According to GlobalData, the latest event to affect WTiNT’s likelihood of approval (LoA) and phase transition for Glioblastoma Multiforme (GBM) took place on 09 Aug 2022, which increased the likelihood that the drug progresses to the next phase in its clinical pathway and increased the likelihood of final approval for this indication.

In addition, the same event on 09 Aug 2022 increased WTiNT’s Phase Transition Success Rate (PTSR) for Solid Tumor.

GlobalData uses proprietary data and analytics to provide a complete picture of this assessment in their WTiNT Likelihood of Approval (LoA) and Phase Transition Success Rate (PTSR) Report.

WTiNT overview

WTiNT is under development for the treatment of recurrent solid tumors such as glioblastoma. The therapeutic candidate constitutes autologous Wilms tumor protein 1 (WT1)-specific CD8 positive T cells. It acts by targeting tumor cells expressing WT1. It is based on 4-1 BB CTL Adoptive T cell therapy. It was also under development for the treatment of leukemia. It is administered through intravenous route.

Eutilex overview

Eutilex Co. Ltd., a clinical-stage biopharmaceutical company that develops immunotherapy technology, anti tumor T cell therapy and antibody therapeutics, and other technology products. The company is headquartered in Republic of Korea (South Korea).

Quick View WTiNT LOA Data

Report Segments
  • Innovator
Drug Name
  • WTiNT
Administration Pathway
  • Intravenous
Therapeutic Areas
  • Oncology
Key Developers
  • Sponsor Company: Eutilex
  • Originator: National Cancer Center
Highest Development Stage
  • Phase I

GlobalData, the leading provider of industry intelligence, provided the underlying data, research, and analysis used to produce this article.
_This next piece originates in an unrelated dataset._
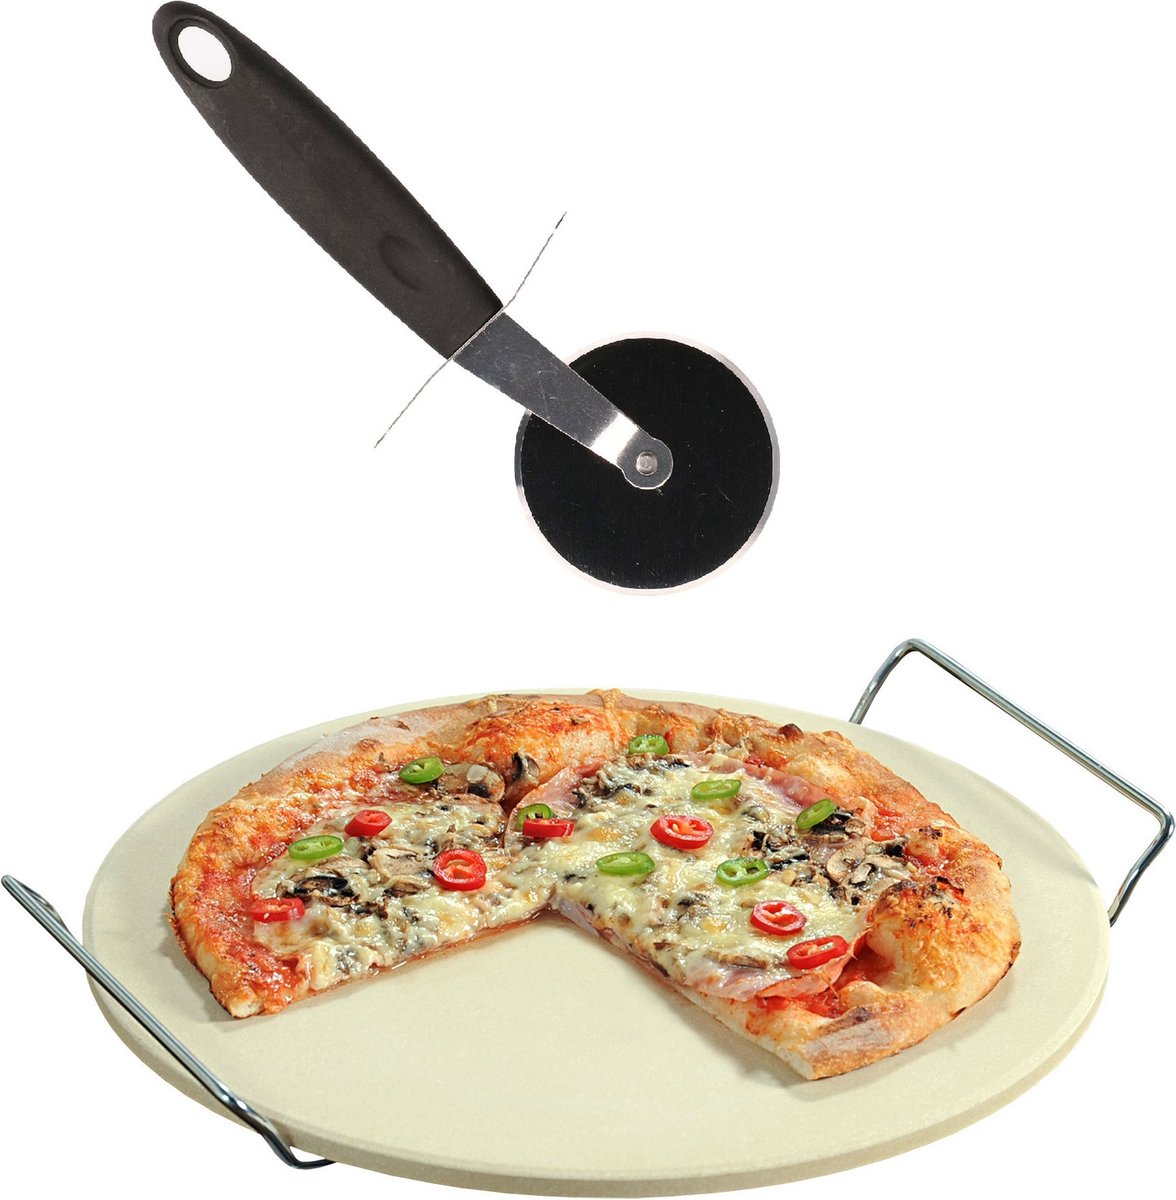 Keramieken pizzasteen rond 33 cm met handvaten - Met pizza snijder 19 cm - BBQ/oven pizza stone

GlobalData’s Likelihood of Approval analytics tool dynamically assesses and predicts how likely a drug will move to the next stage in its clinical pathway (PTSR), as well as how likely the drug will be approved (LoA). This is based on a proprietary algorithm built from the drugs’ sales forecast, regulatory milestones, cost forecasts, WACC rate and other proprietary data sources found on GlobalData’s Pharmaceutical Intelligence Center.